** SUPPLIED MATERIAL follows **
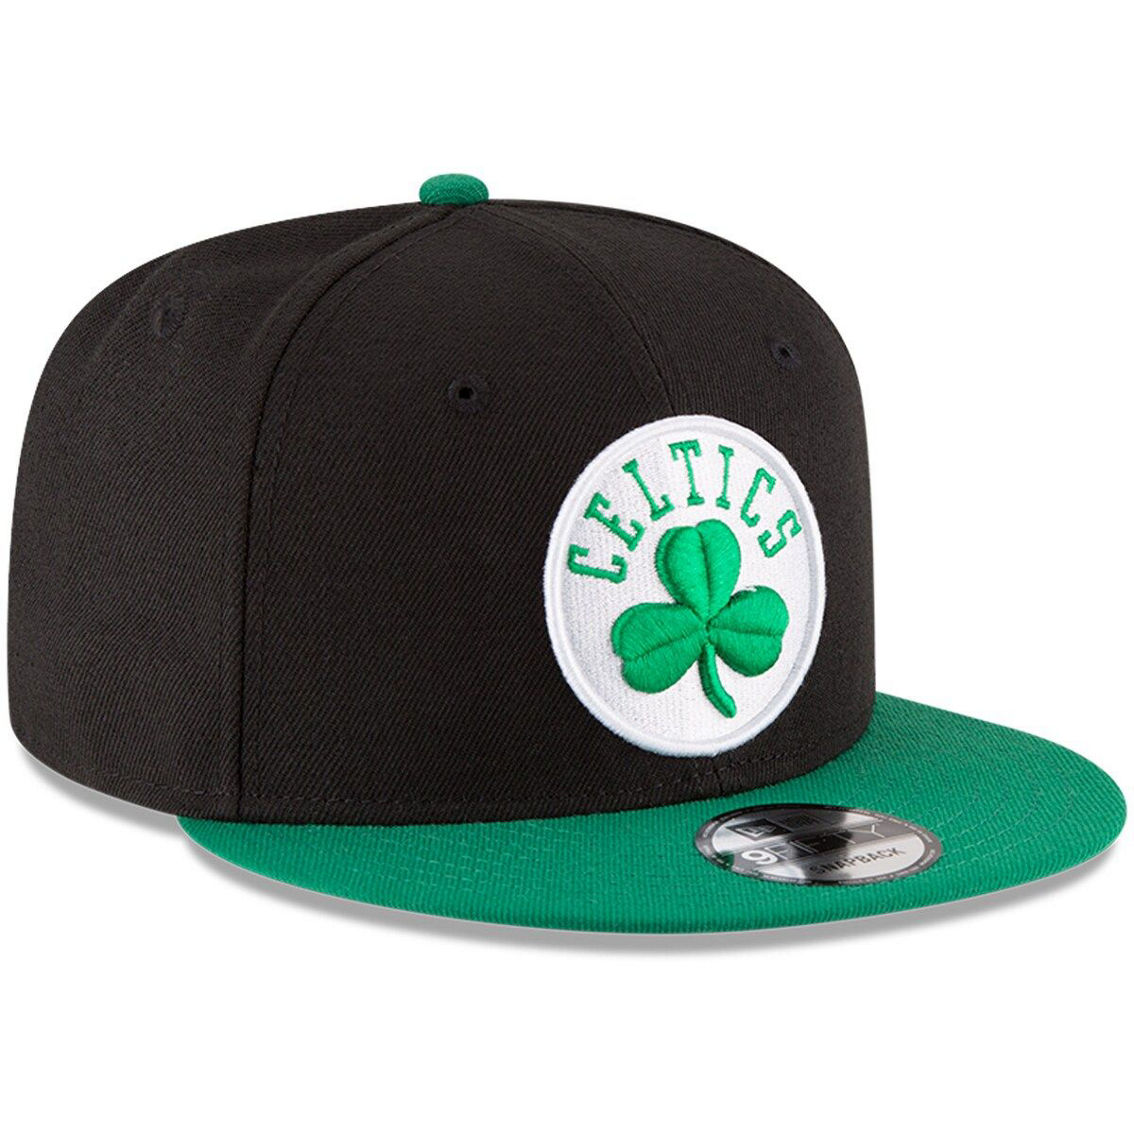 New Era Men's Black/Kelly Green Boston Celtics 2-Tone 9FIFTY Adjustable Snapback Hat - Image 4 of 4
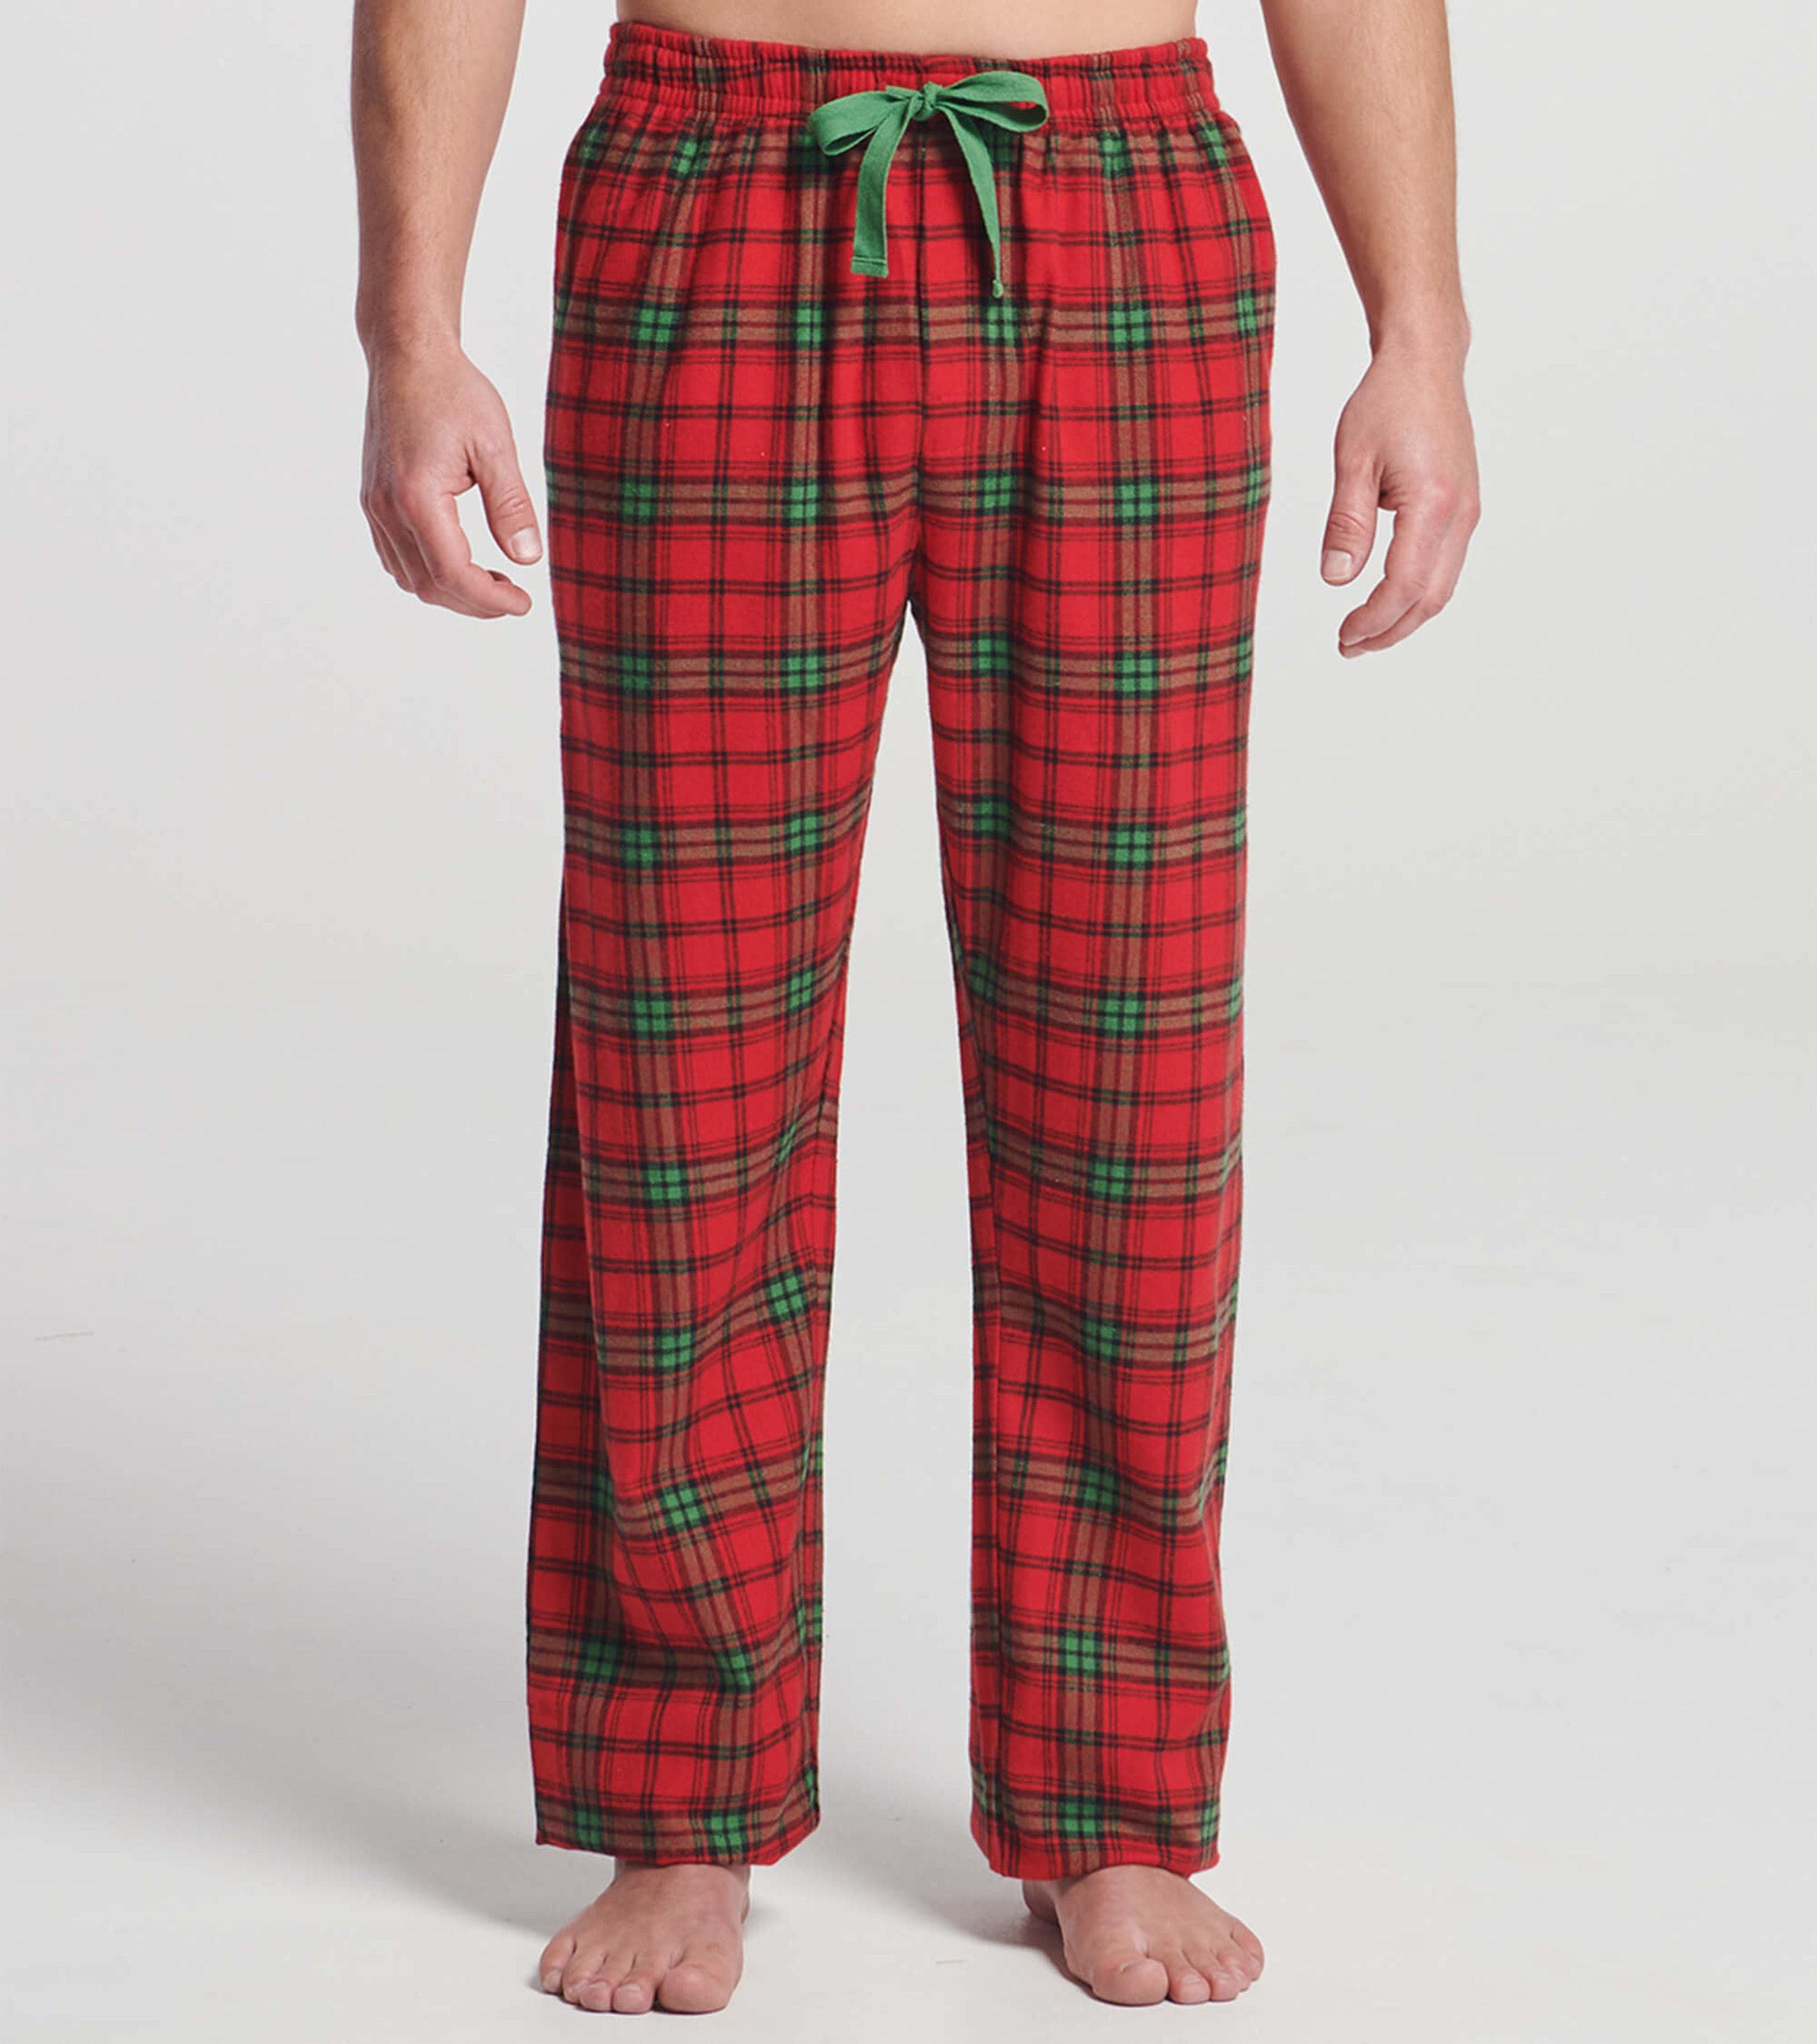 Buy EVERDREAM Sleepwear Womens Flannel Pajama Pants, Long 100% Cotton Pj  Bottoms, Red Plaid, Medium at Amazon.in
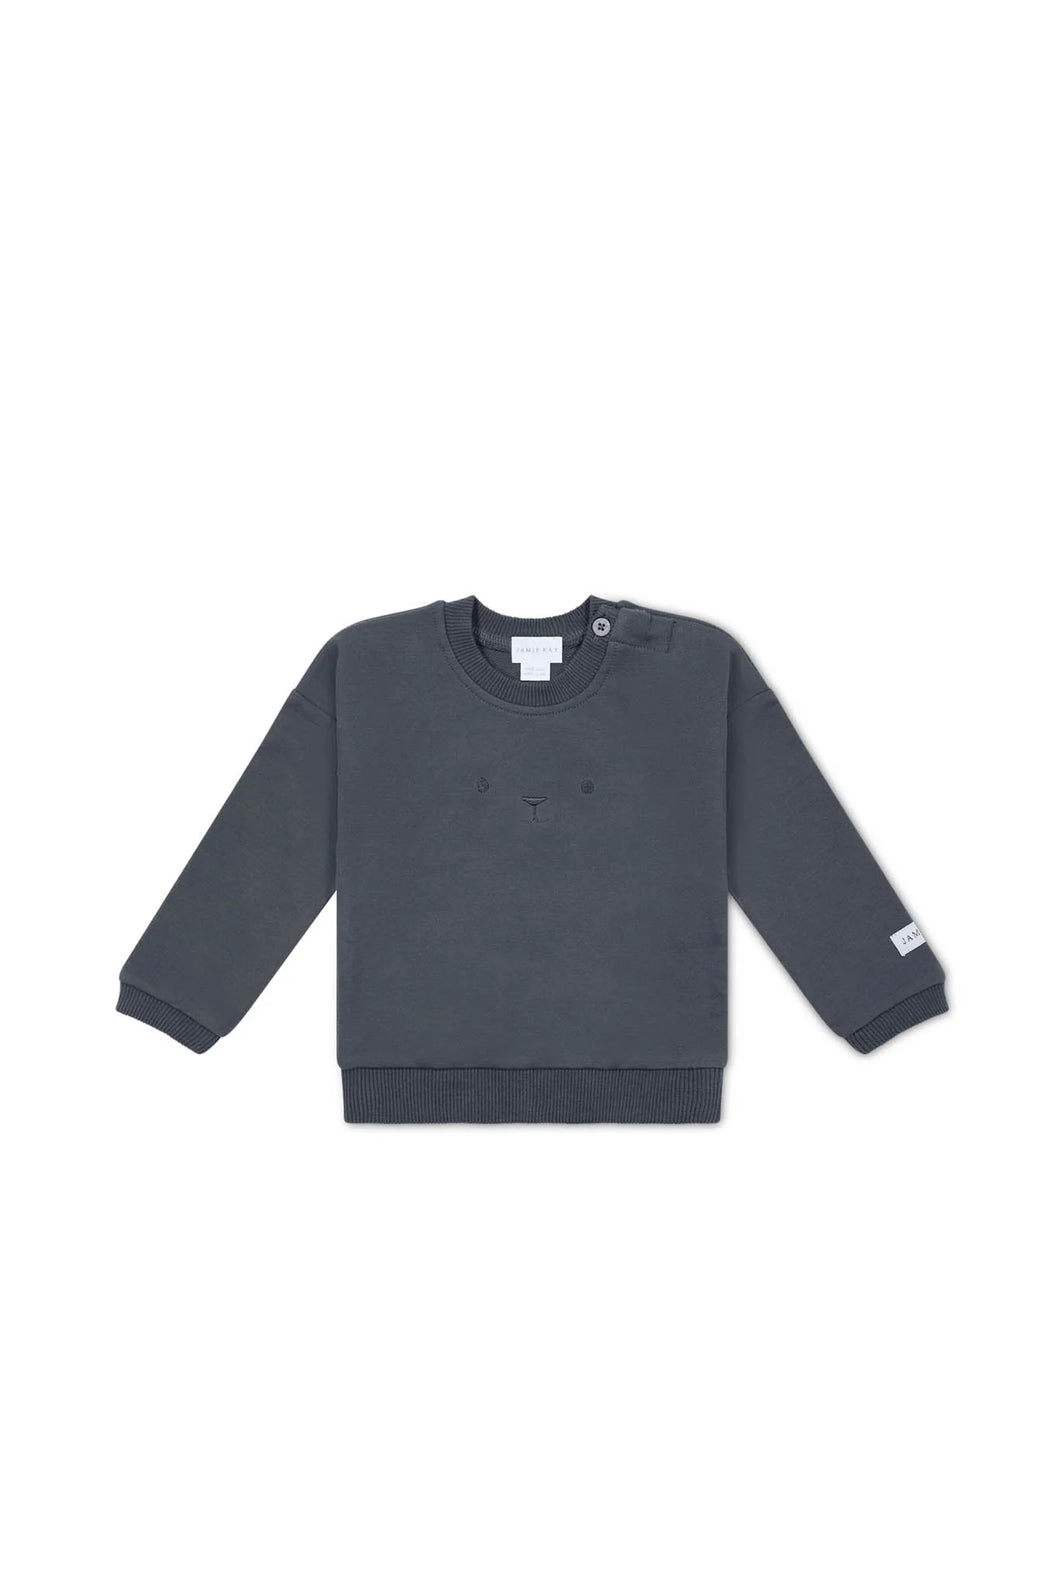 Organic Cotton Damien Sweatshirt - Arctic
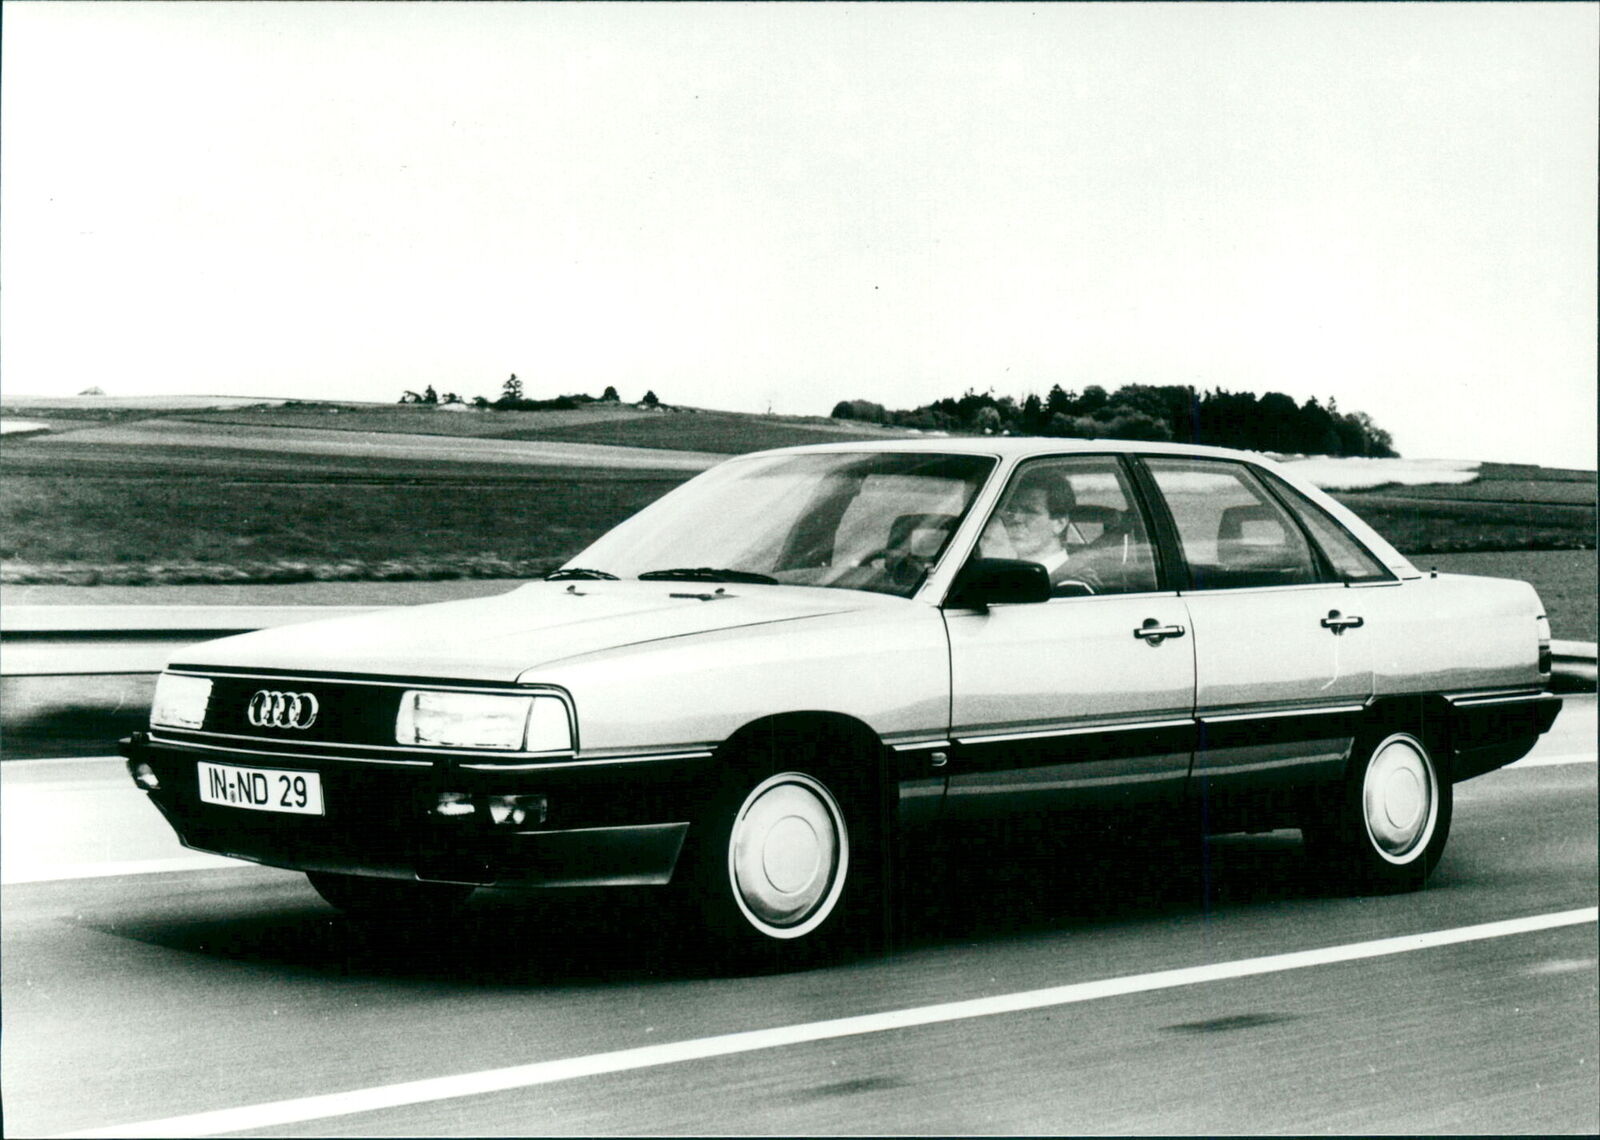 Audi 200 turbo - Vintage Photograph 2421073
** End of SUPPLIED MATERIAL **
ASSIGNMENT:
Repeat the data above exactly, leaving out any pictures it holds.

EXPECTED OUTPUT:
 New Era Men's Black/Kelly Green Boston Celtics 2-Tone 9FIFTY Adjustable Snapback Hat - Image 4 of 4
 Buy EVERDREAM Sleepwear Womens Flannel Pajama Pants, Long 100% Cotton Pj  Bottoms, Red Plaid, Medium at Amazon.in
 Organic Cotton Damien Sweatshirt - Arctic
 Audi 200 turbo - Vintage Photograph 2421073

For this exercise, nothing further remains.